Repeat the data exactly. Pictures are not part of the copy.

- DATA SHOWN
- - -

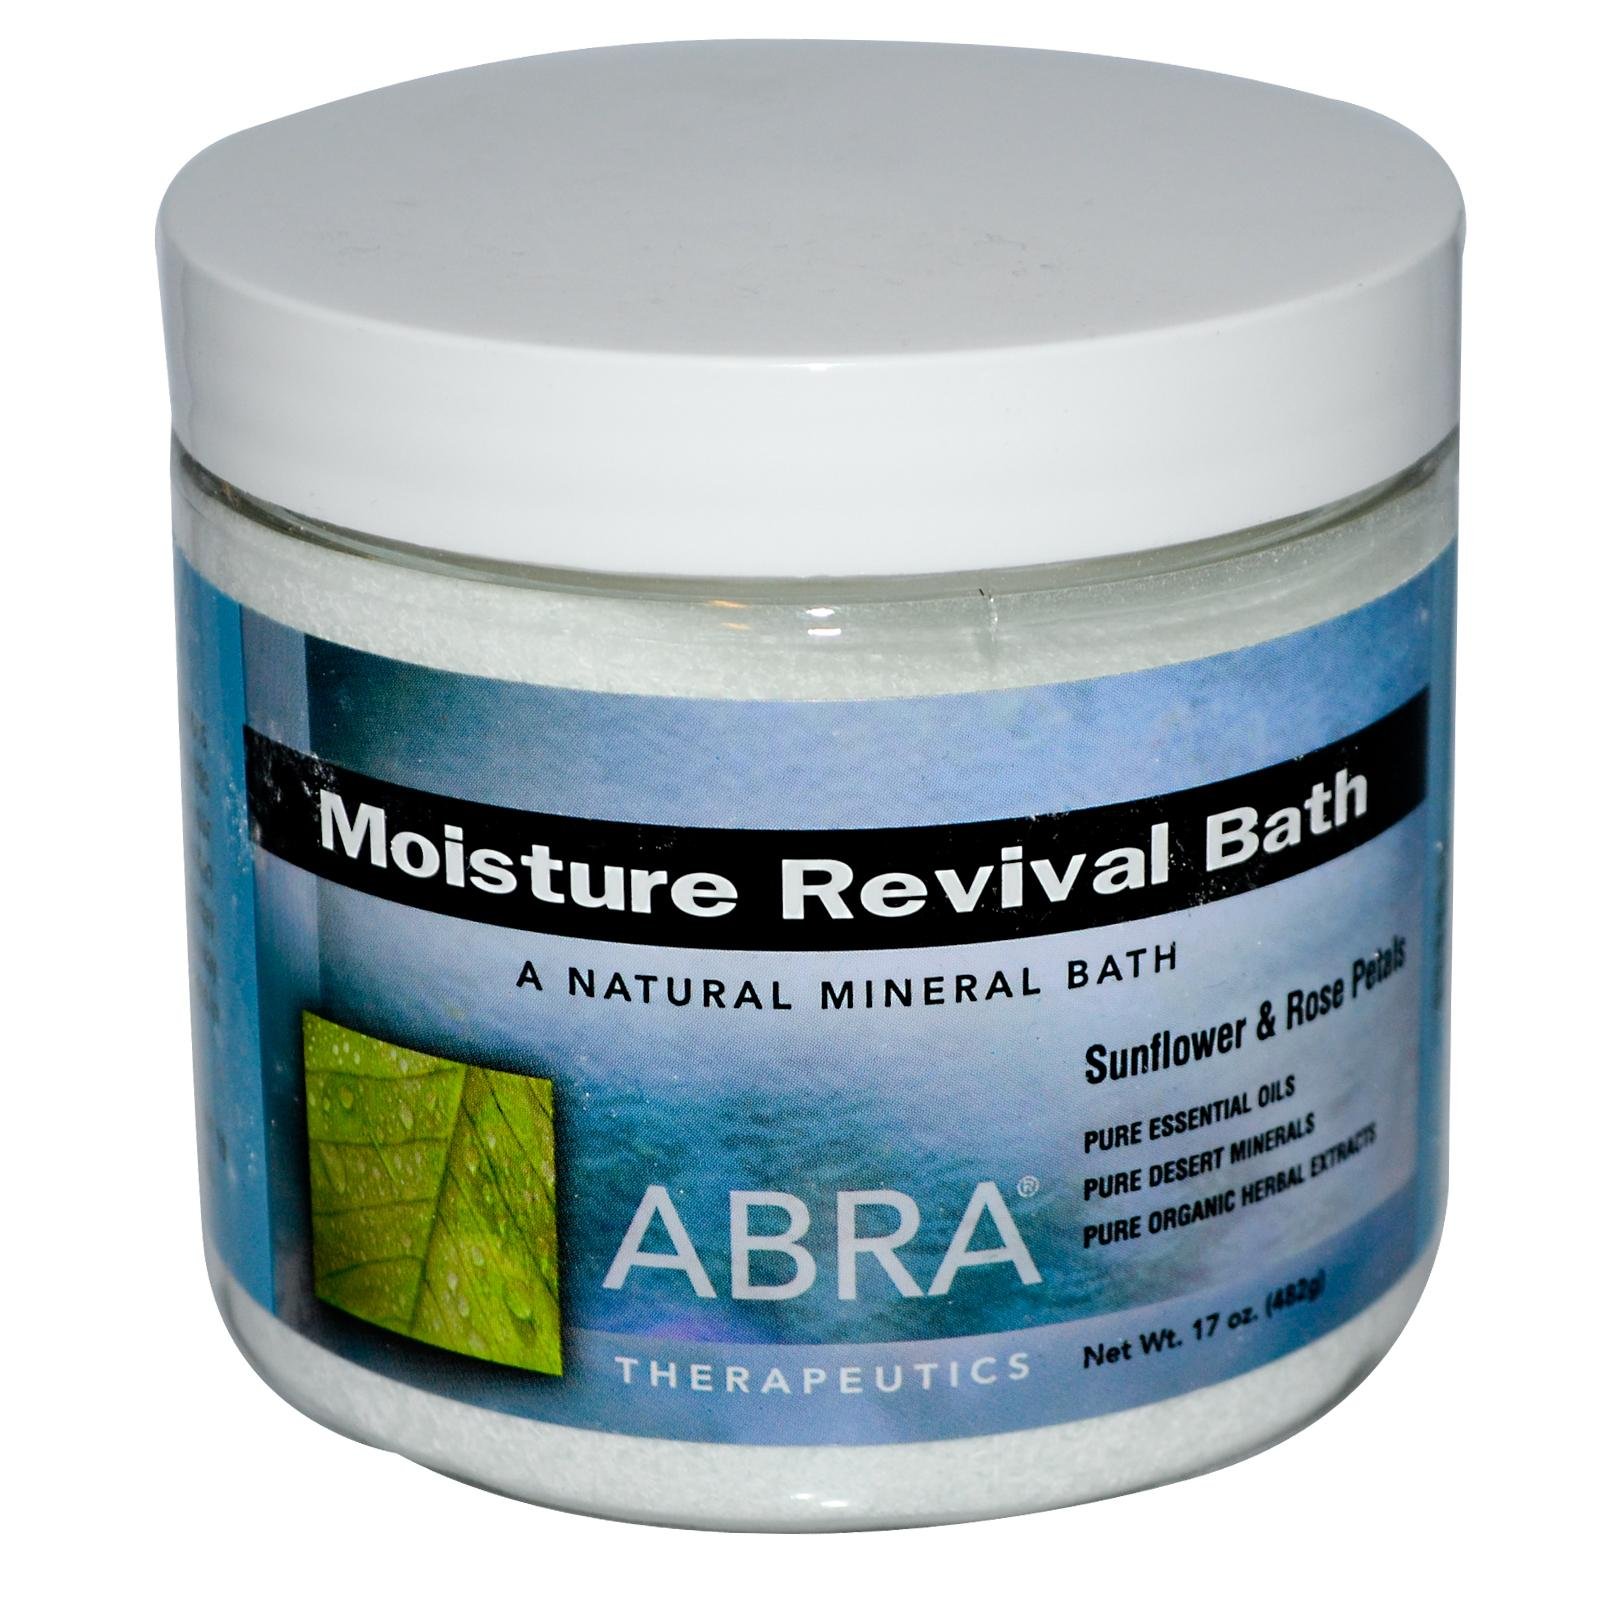 Moisture Revival Bath-Sunflowers & Rose Petals Abra Therapeutics 17 oz Powder
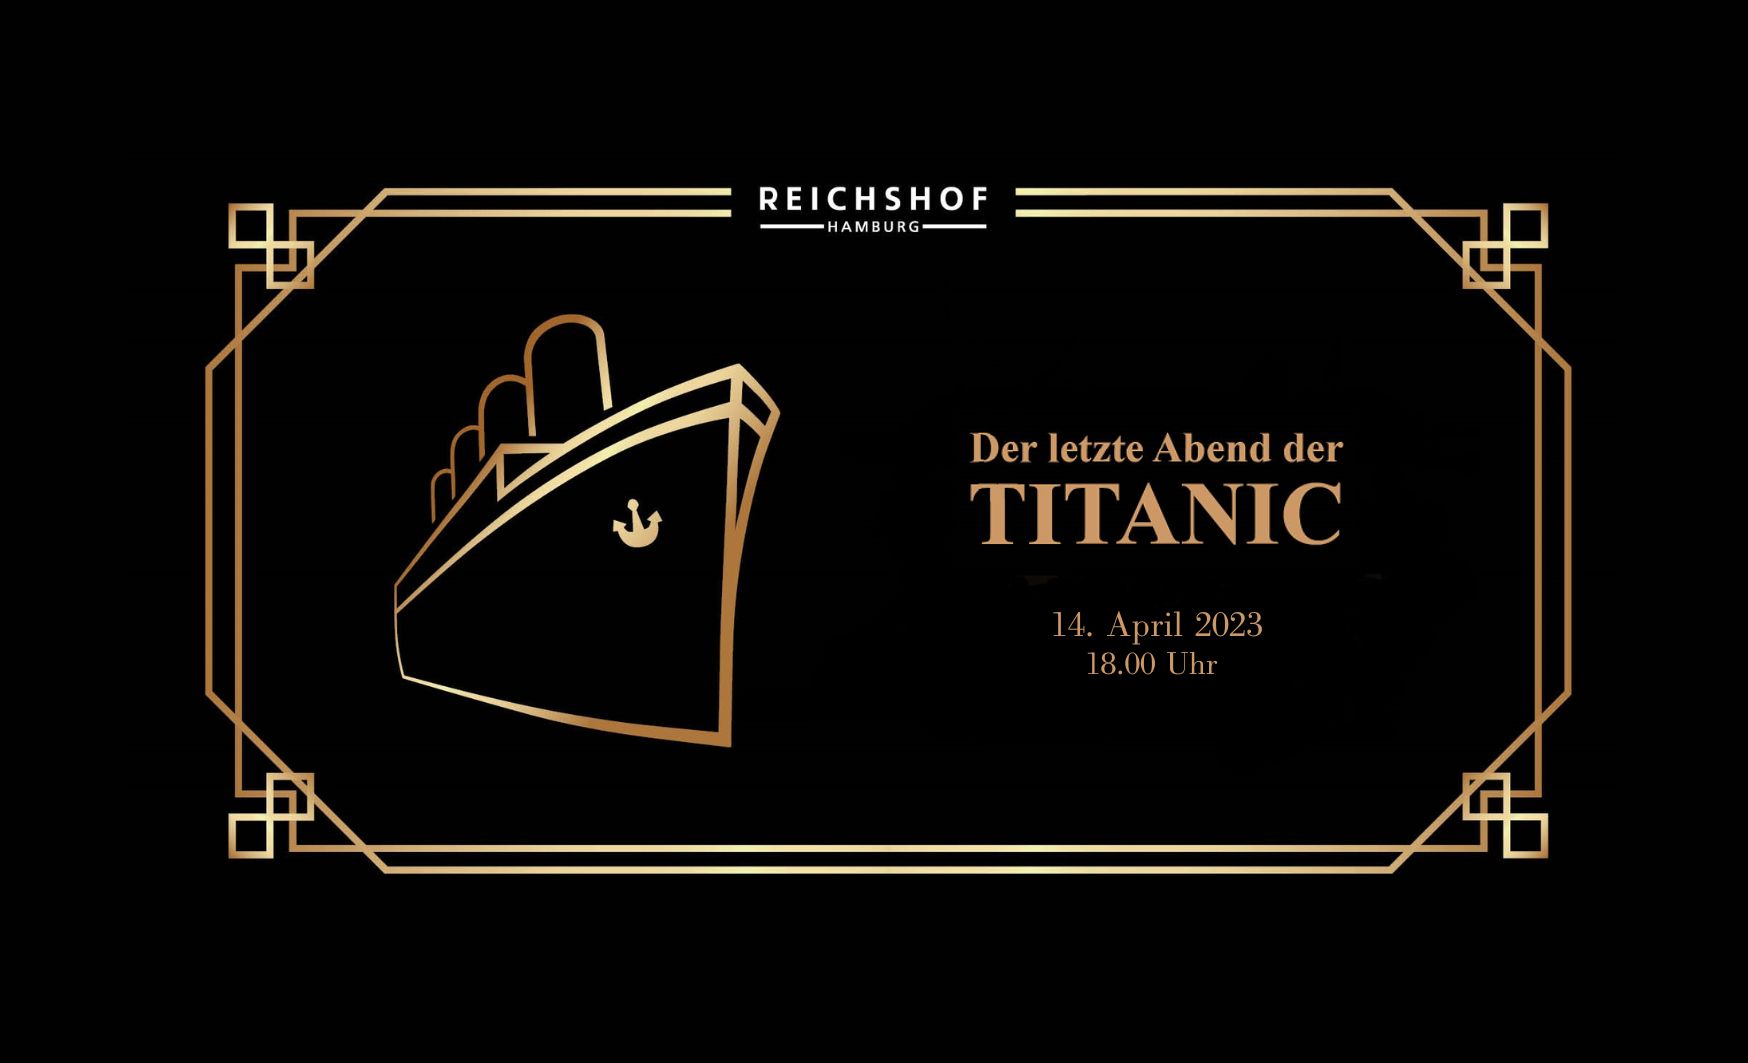 reichshof-hamburg-titanic-dinner-14-april-2023
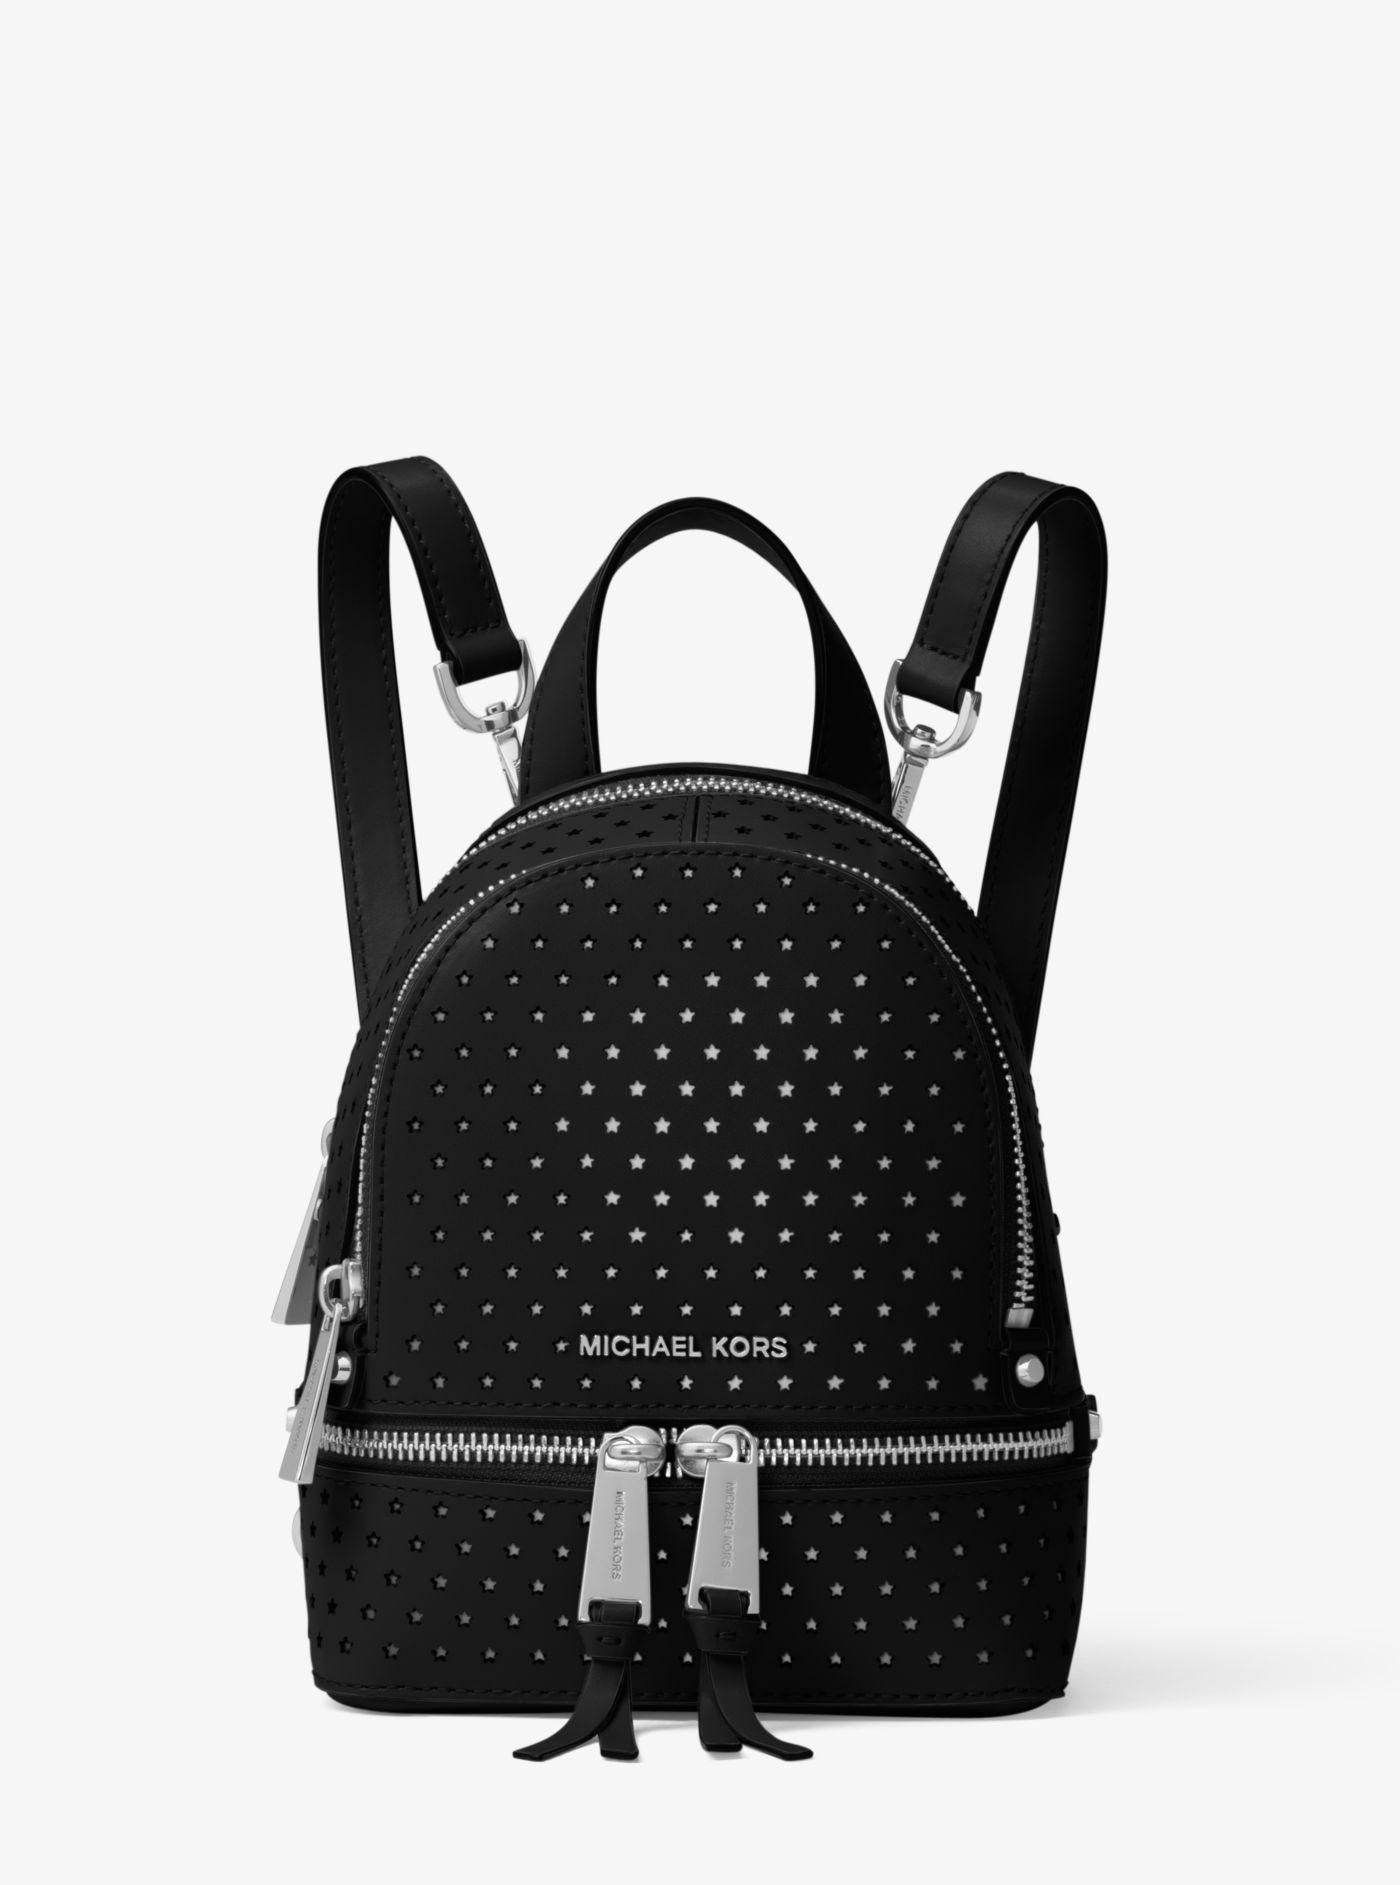 Lyst - Michael Kors Rhea Mini Perforated Leather Backpack in Black

- - -

- RESPONSE TO THIS EXERCISE
 Moisture Revival Bath-Sunflowers & Rose Petals Abra Therapeutics 17 oz Powder
 reichshof-hamburg-titanic-dinner-14-april-2023
 Lyst - Michael Kors Rhea Mini Perforated Leather Backpack in Black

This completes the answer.